Testy Transition. Trump’s administration will likely try to implement as many policy changes as possible, such as undermining civil service protections for federal employees to hit back against the so-called deep state. He could also destroy documents, in contravention of the Presidential Records Act, to hide anything unseemly and make things harder for a Biden administration. But there is a limit to how much Trump could do, given how the transition is legally controlled largely by career civil servants — not Trump appointees. And then there are always the true wild-card options, like a new military incursion overseas.
Pardon Time. Issuing 11th-hour pardons is a time-honored presidential tradition, with perhaps the most infamous being Bill Clinton pardoning hedge funder Marc Rich of tax evasion after his ex-wife made copious donations to Democrats, including Hillary Clinton. Trump hasn’t exactly been shy about pardons and commutations, using one for confidant Roger Stone. Steve Bannon or Rudy Giuliani could be up next. Even if people haven’t been charged, Trump can still pardon them, as was the case for the past presidential pardons of Richard Nixon, Vietnam War draft evaders and former Defense Secretary Caspar Weinberger. The biggest question here is whether, facing all kinds of legal exposure once he leaves office, Trump would elect to pardon himself — and if it would hold up. Read OZY’s 2017 look at self-pardons.
lessons from past contested elections
2000: Bush v. Gore. This election wasn’t decided by the Supreme Court until Dec. 12, 2000, when it halted Florida’s recount. Democrats believe they would have won the race had they taken a more aggressive tack sooner, and Gore’s early — later retracted — concession to Bush when the networks called Florida cost them. Biden’s team has indicated they have learned these lessons and will have Biden act as the incoming president even as Trump continues with lawsuits or sowing doubt. For more on the 2000 race, check out OZY’s The Campaigns That Made History on HISTORY. Watch Now.

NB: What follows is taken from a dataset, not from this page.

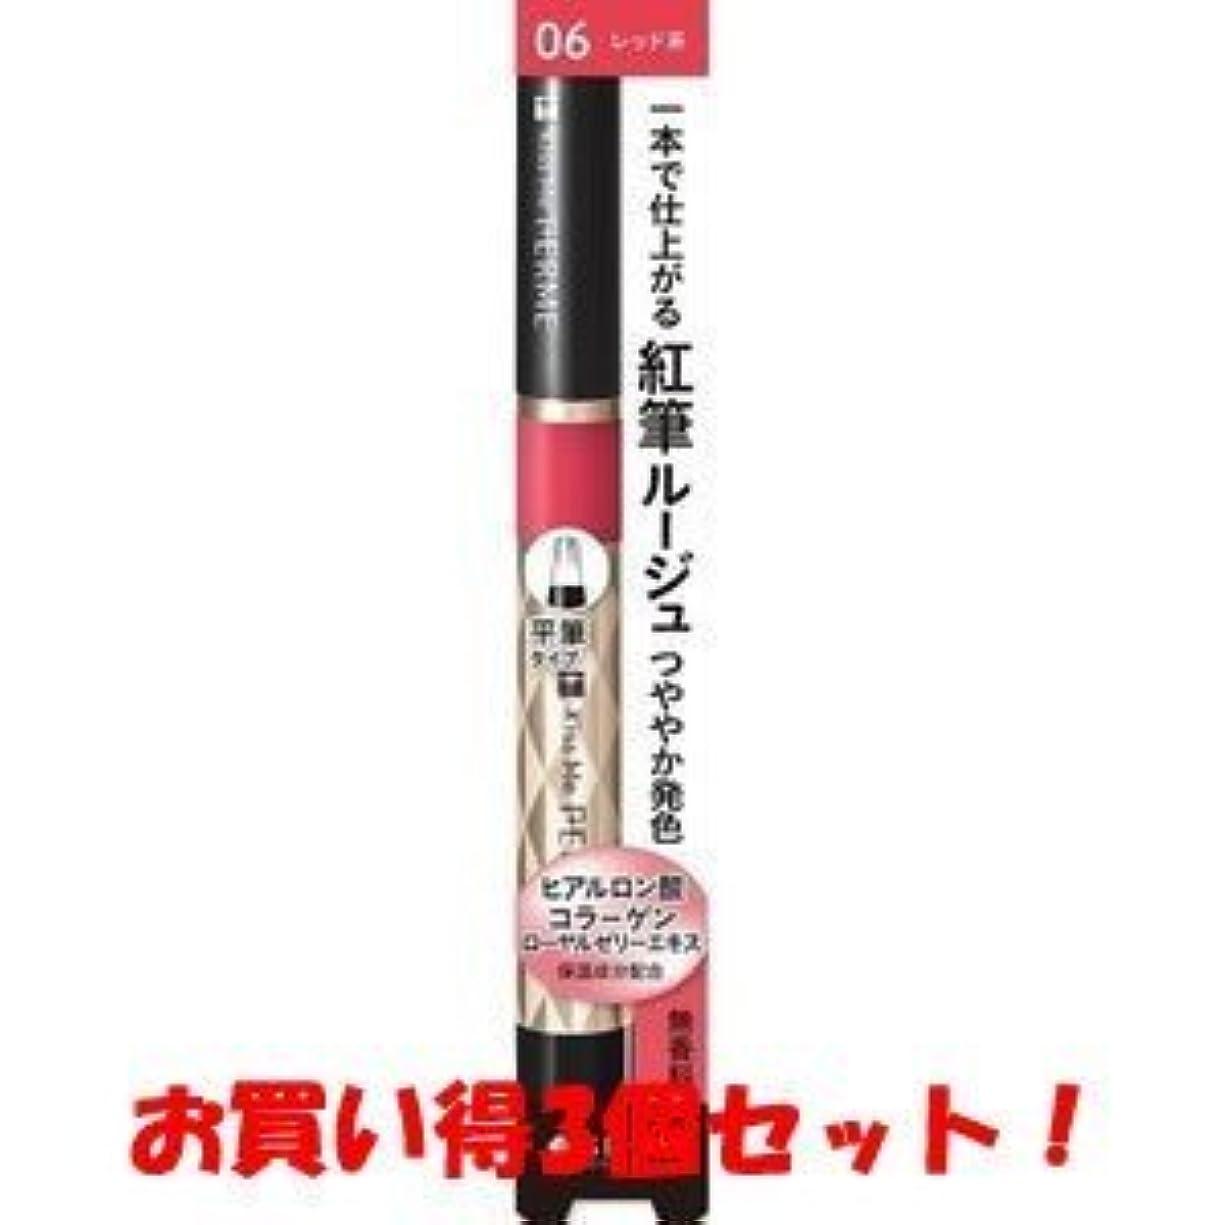 縮れた結果として抽象(伊勢半)キスミー フェルム 紅筆リキッドルージュ 06 明るいレッド 1.9g(お買い得3個セット)
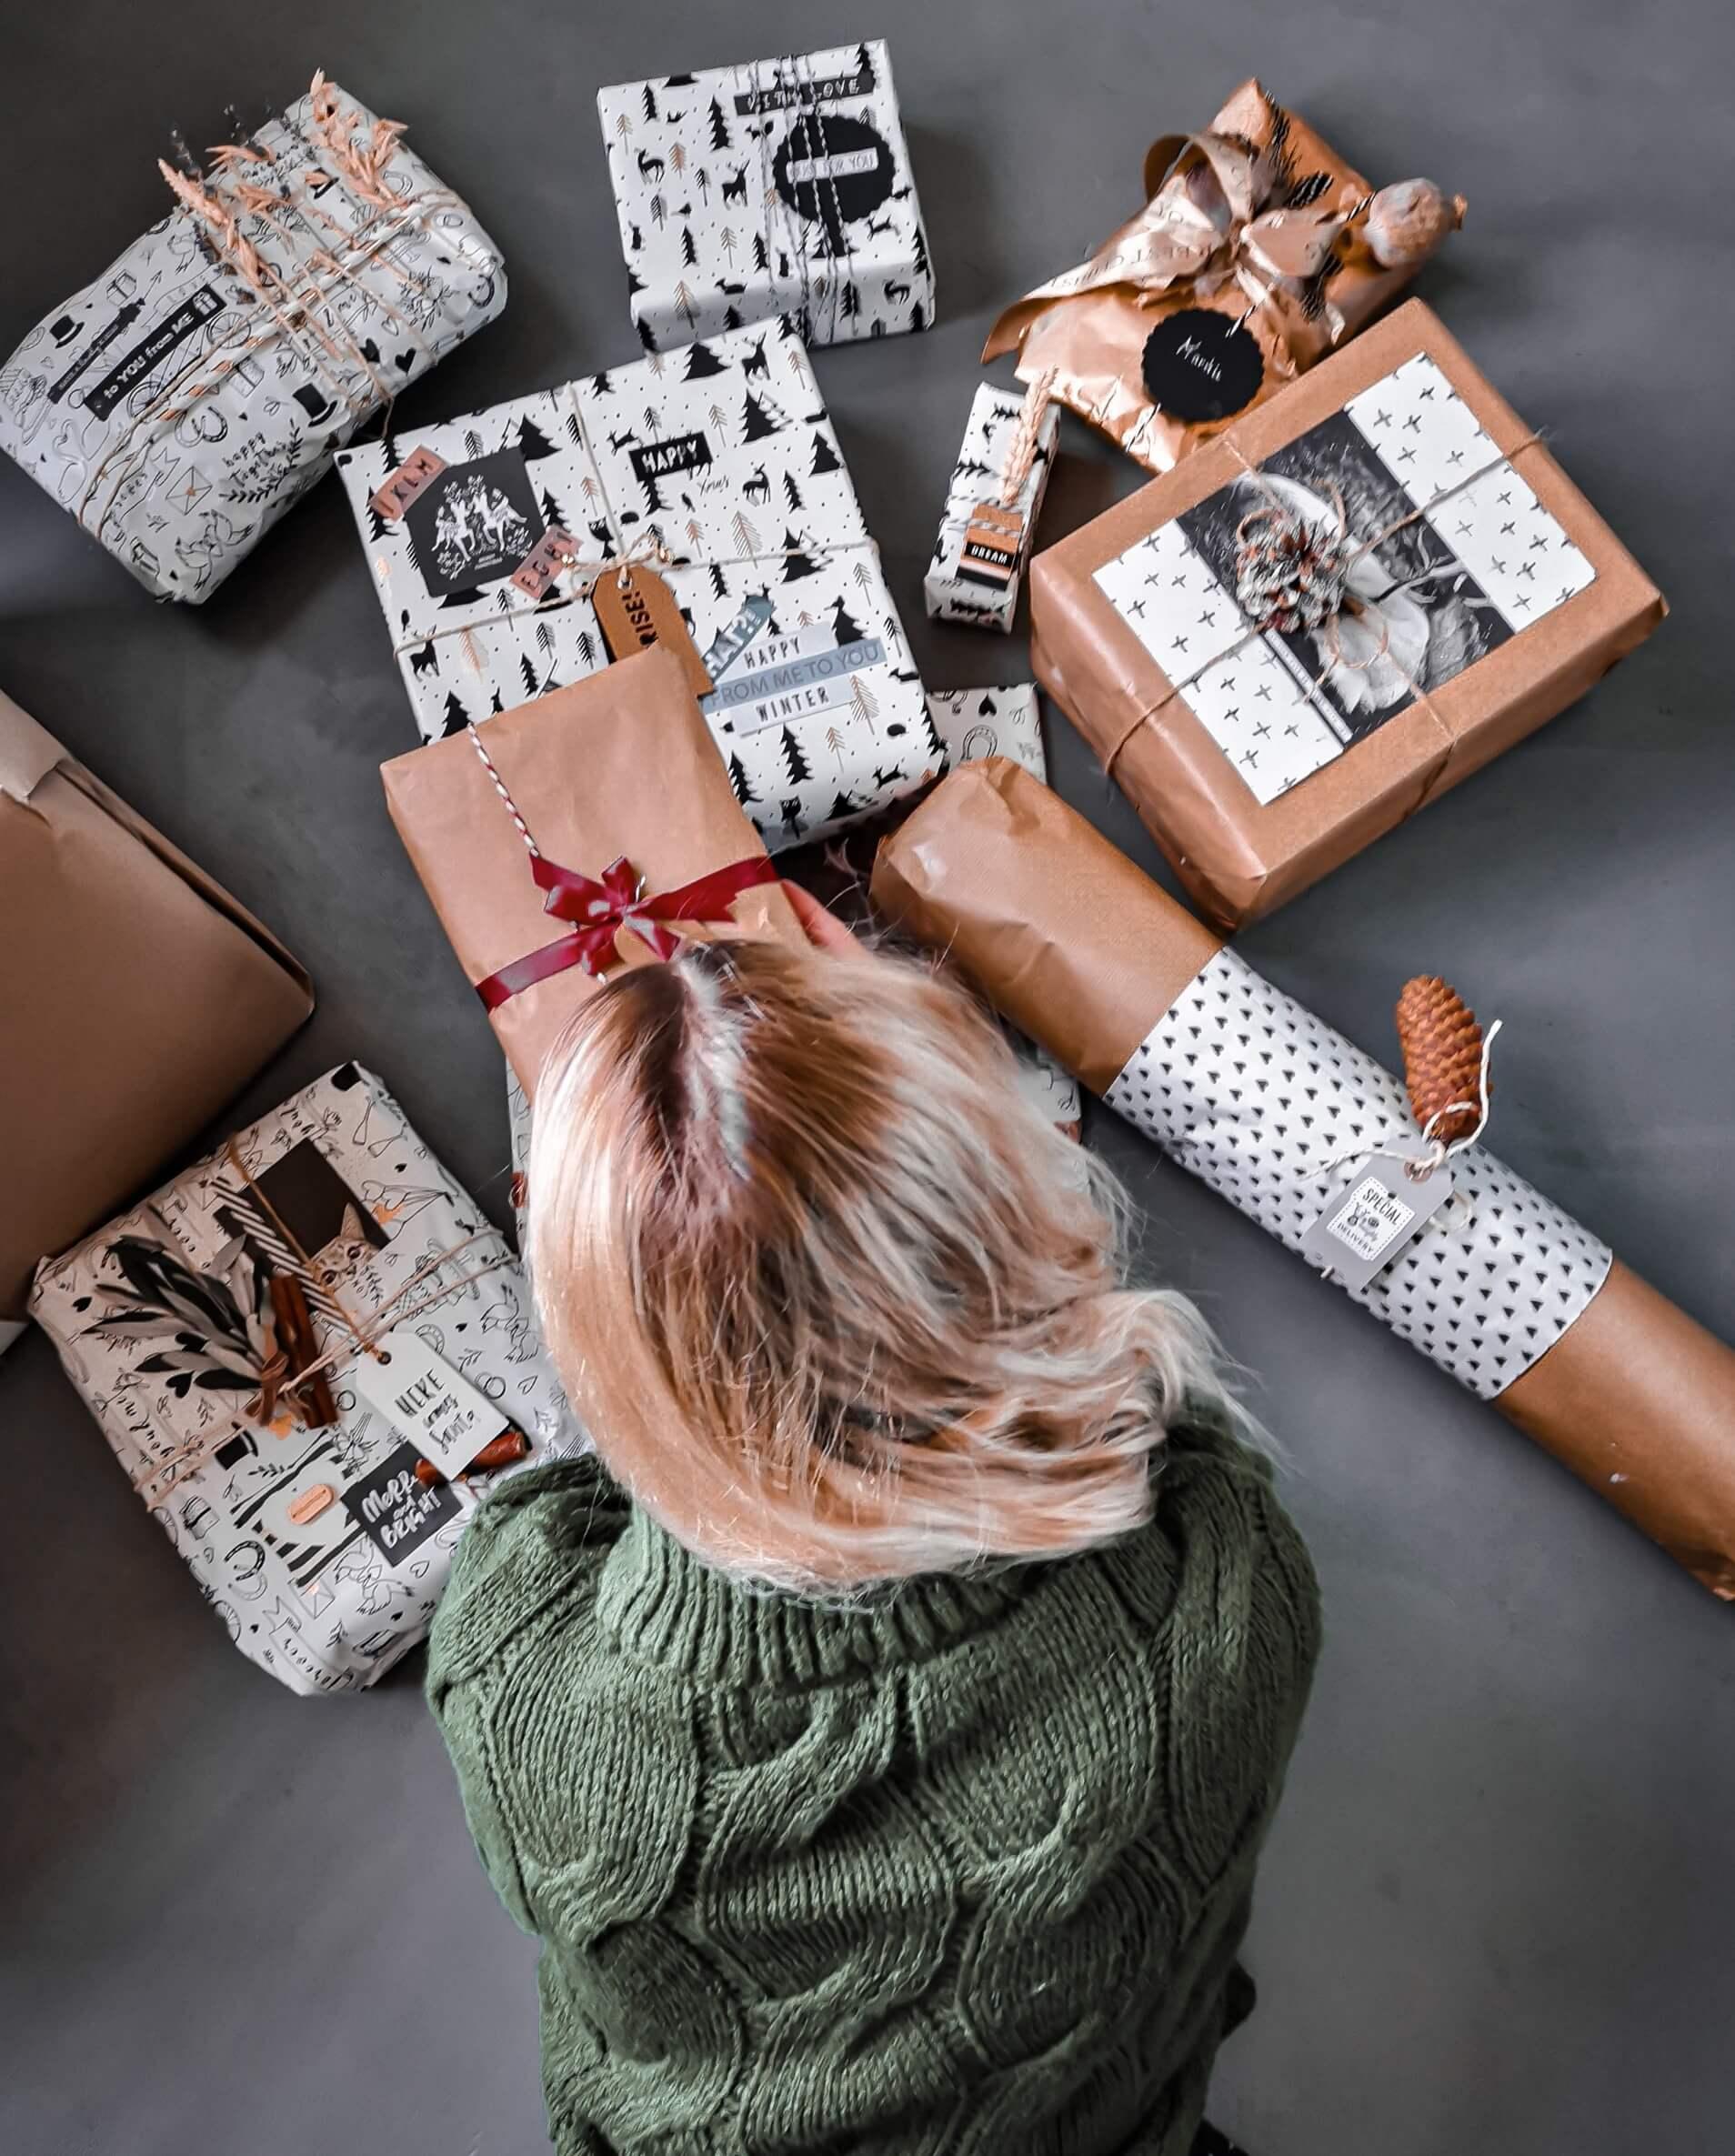 IMG 20191208 120145 resized 20191215 081615540 - Geschenke verpacken: 11 kreative Tipps zum Selbermachen

1932: FDR vs. Hoover. This wasn’t a contested election — Franklin Delano Roosevelt won in a landslide, with 417 electoral votes — but it gives us a window into a messy transition. President Herbert Hoover steadfastly refused to take any actions to stem the free fall of the economy, doing everything in his power to put the brakes on a New Deal before Roosevelt could take office. In the wake of the political rivals’ noncooperation, the transition period was shortened, and the presidential inauguration was moved from March to January.
1920: The Ocoee Massacre. The worst incident of election violence in U.S. history occurred with a massacre of Black people in the little town of Ocoee, Florida, a century ago. In a special miniseries of OZY’s hit history podcast, Flashback, with guest host Eugene S. Robinson, hear from the descendants of some of the survivors — and explore how the massacre still haunts the country today. Listen Now.
the biden agenda
Joe and Mitch. During the Obama administration, Biden as vice president often found himself negotiating last-minute budget deals with Senate Majority Leader Mitch McConnell. The two men who served together for decades will now have the most consequential relationship in Washington, assuming McConnell remains majority leader — which would appear to require Republicans to win one of two January runoff elections in Georgia. A GOP Senate means much of the Biden agenda is off the table, so what could get done?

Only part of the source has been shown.